Advertisement

Letters to the Editor: Suburban housing in the Verdugo Mountains is a terrible idea

Share

To the editor: Thank you for the excellent article about the threat to the Verdugo Mountains posed by the Canyon Hills luxury housing project.

We’re grappling with a human-caused climate crisis. It would be madness to destroy extensive natural carbon sinks.

We’re also experiencing the planet’s sixth mass extinction, another human-caused event threatening biodiversity. Reduced biodiversity contributes to unstable and unhealthy ecosystems.

Advertisement

The government’s primary obligation is to protect people, or at least it ought to be. The city of Los Angeles has the opportunity to discharge that obligation, in part, by requiring a new environmental impact report.

We should study, as part of the report, public acquisition of privately held land in the Verdugo Mountains for a wildlife sanctuary. L.A. is park poor, and this could help ensure that the land remains wild to help cool L.A.’s heat island and clean its filthy air.

Robert Leyland Monefeldt, Los Angeles

..

To the editor: This project “sparks” worry — indeed.

The L.A. City Council approved the Canyon Hills environmental impact report in 2005. Eighteen years is a lifetime in terms of environmental planning, and the fire risk that Canyon Hills poses to extant neighborhoods is beyond irresponsible.

When we talk about the need to build housing, this is the opposite of what we mean.

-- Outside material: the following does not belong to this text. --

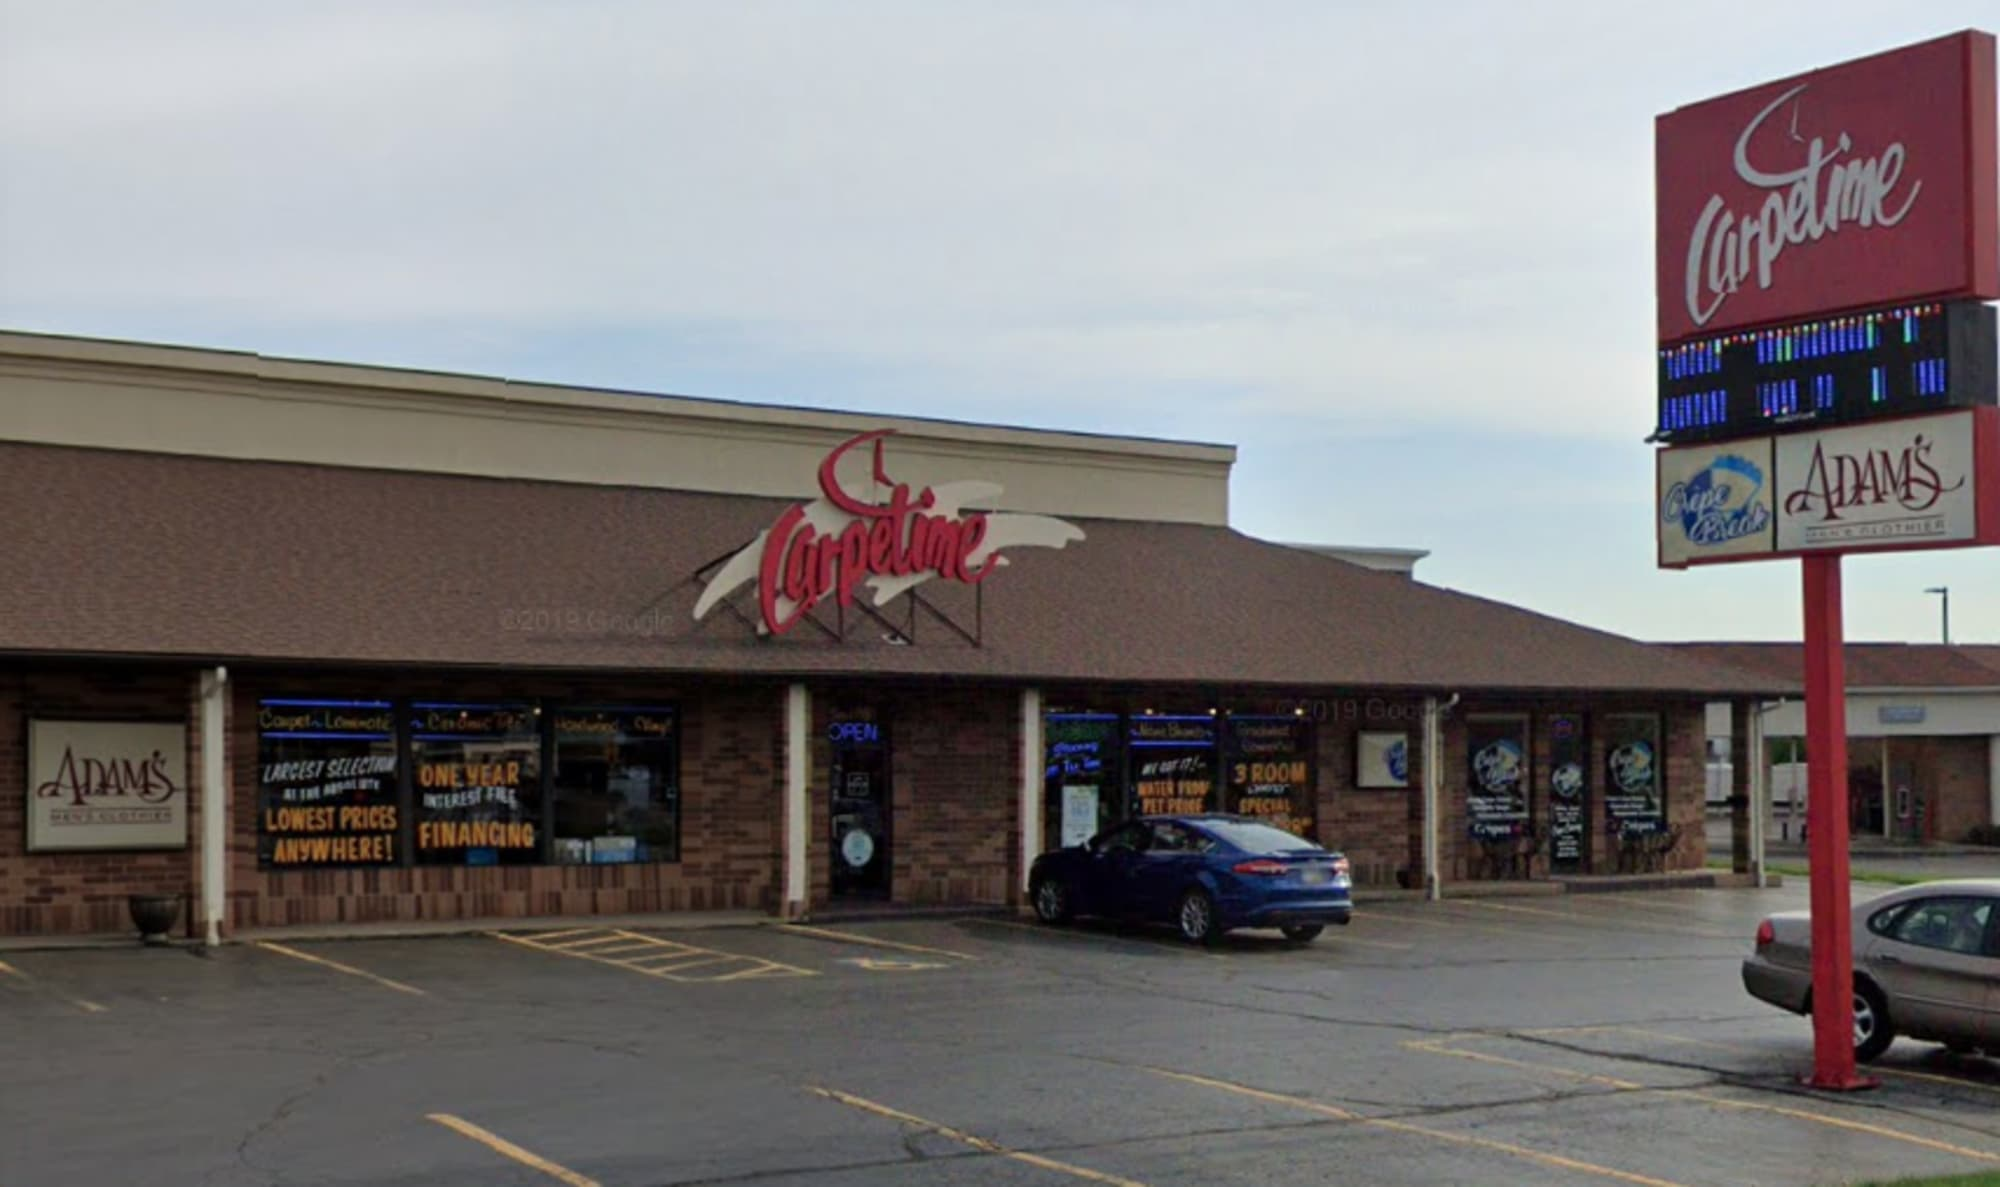 Carpetime Inc - 4595 Belden Village St NW Canton, OH 44718

Constructing resilient communities for the future demands building up, not out.

Just months after the death of P-22, are we seriously debating whether mountain lions have the right to exist in this region? Are we seriously about to play with this level of fire danger?

Advertisement

This project cannot go forward without additional review.

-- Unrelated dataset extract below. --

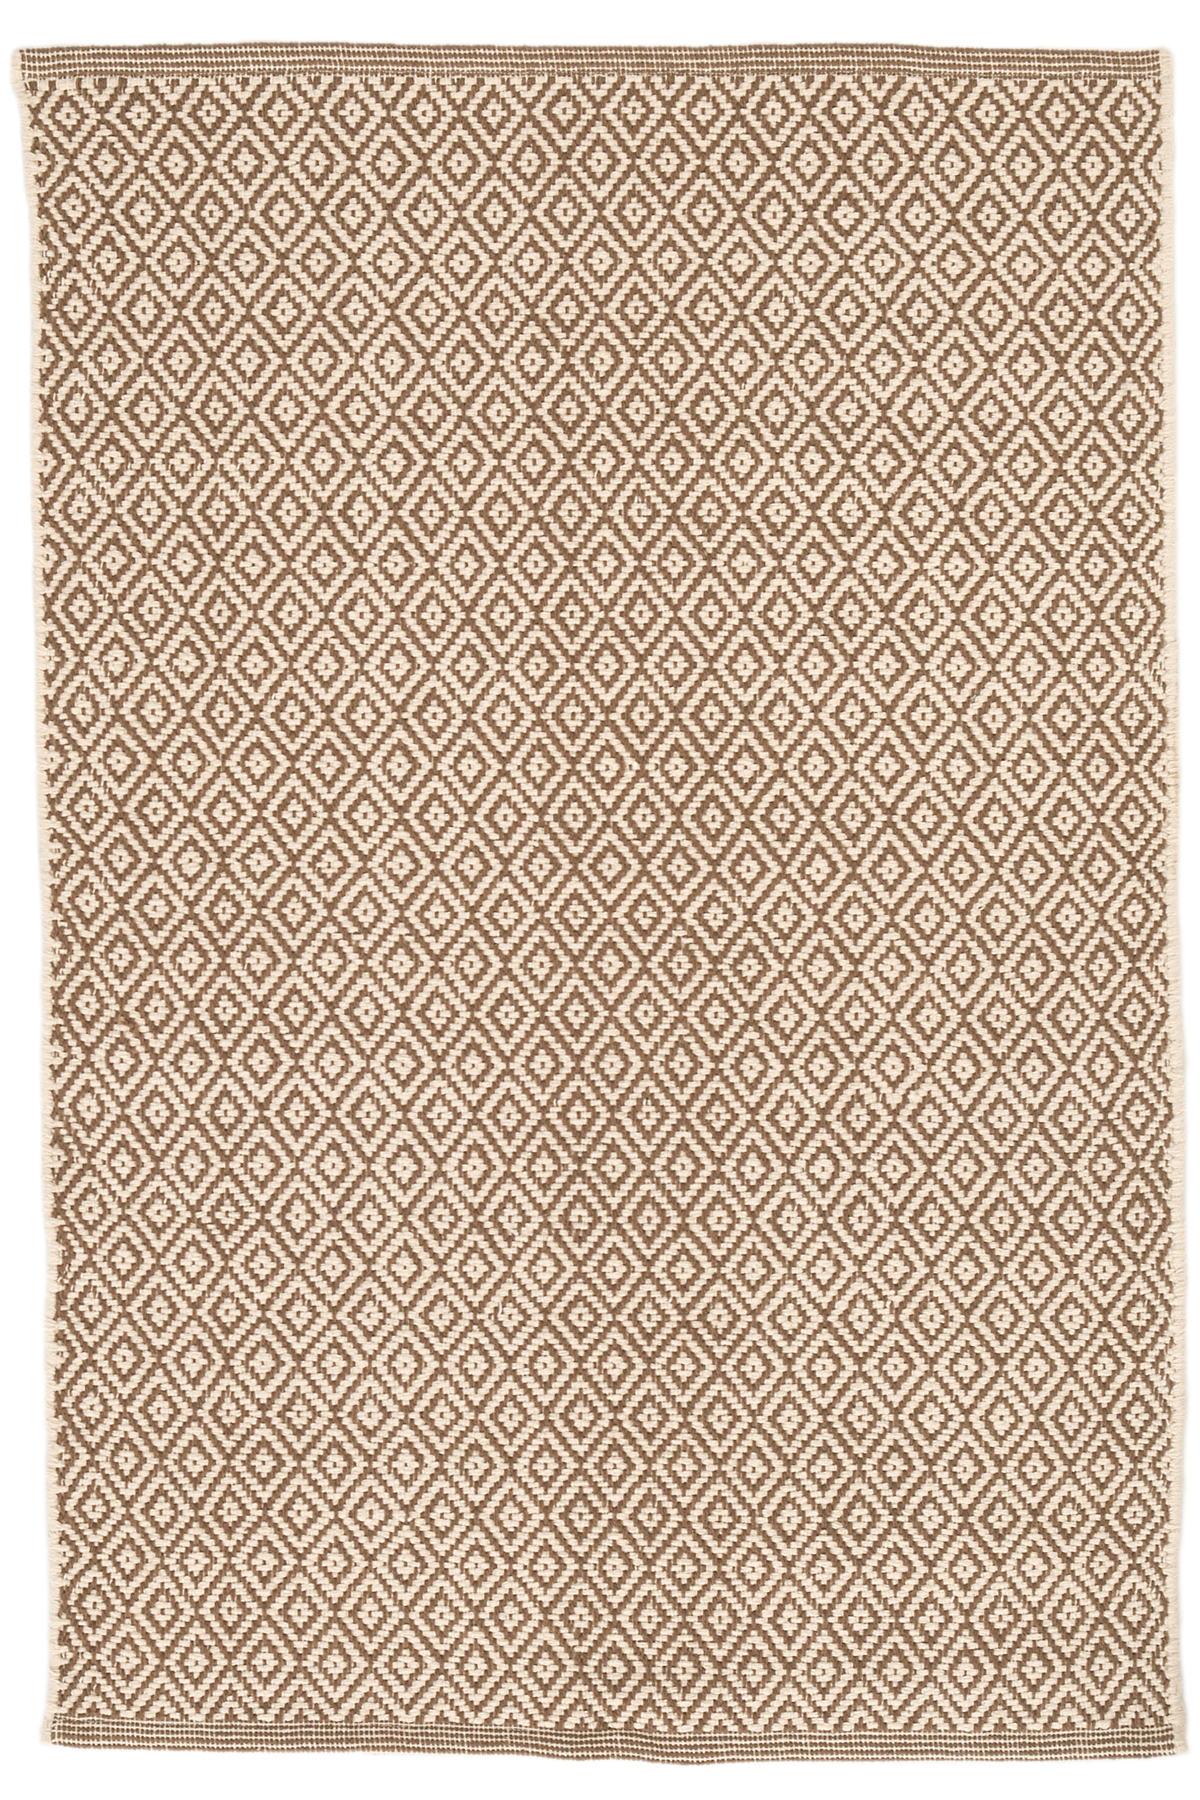 Lattice Stone Woven Cotton Rug

Walden Corcoran, Valley Glen

..

To the editor: The problem with construction in that hillside location is not the flammable plants. That would be mitigated to some degree by what we have seen in our suburbs for many decades: Scrap the native plants and install wide asphalt streets, with curbs and manicured grass from a nursery provider.

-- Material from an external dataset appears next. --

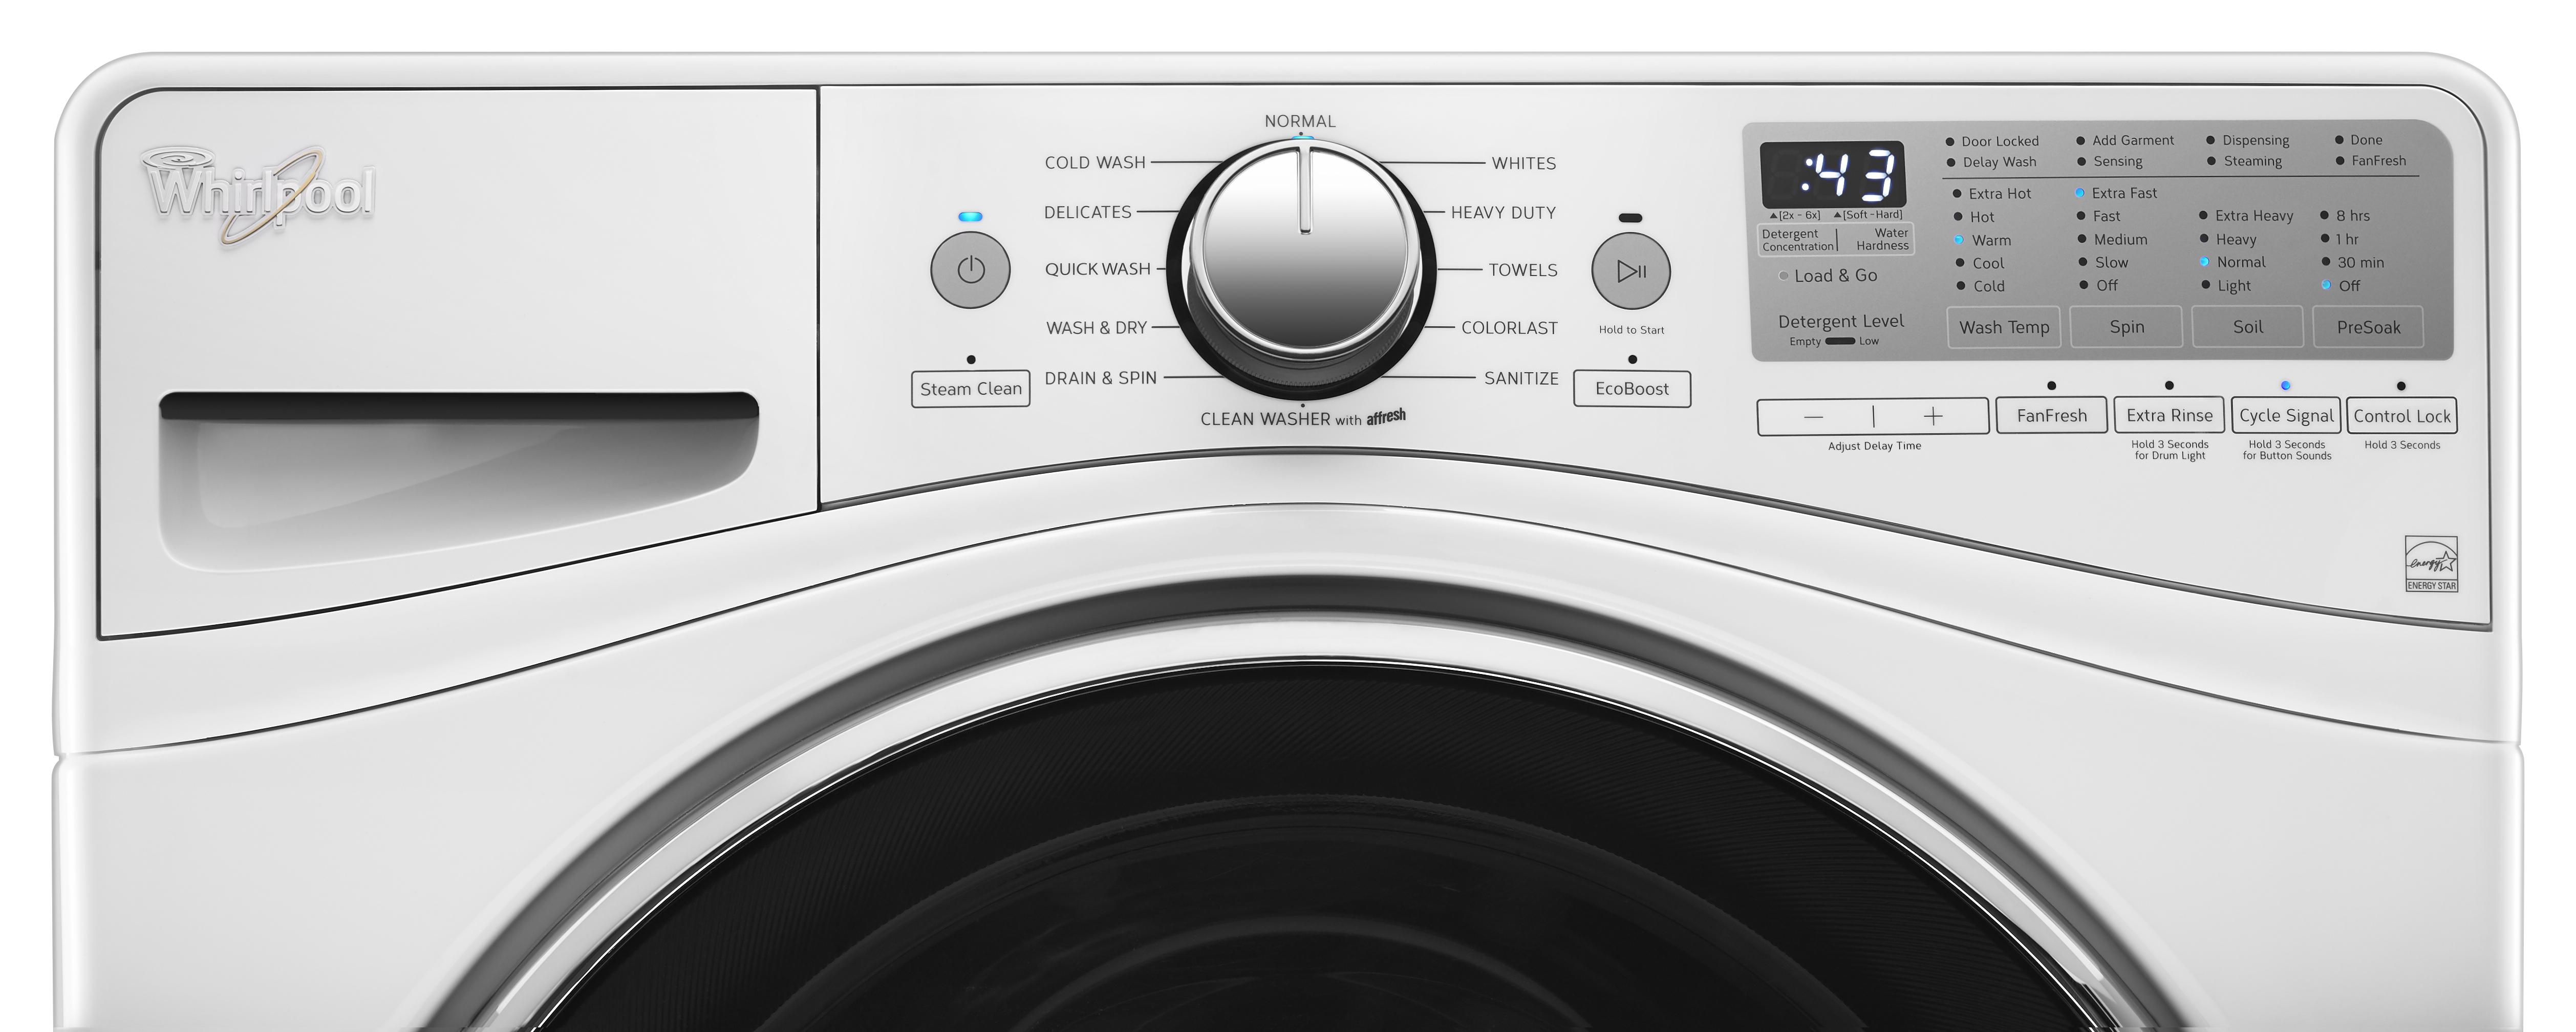 Whirlpool WED92HEFW 7.4 cu. ft. Electric Dryer w/ Advanced Moisture Sensing - White

A better solution is to ban housing construction that includes lumber framing. Few other advanced countries build homes that contain dry lumber in walls and trusses.

Wood is cheap, and home builders are stuck in their ways. Result: The United States ranks 59th in the world in fire safety, calculated as fire deaths per 100,000 people.

Our houses last for decades. Other developed countries build with masonry, steel and concrete, which last for centuries.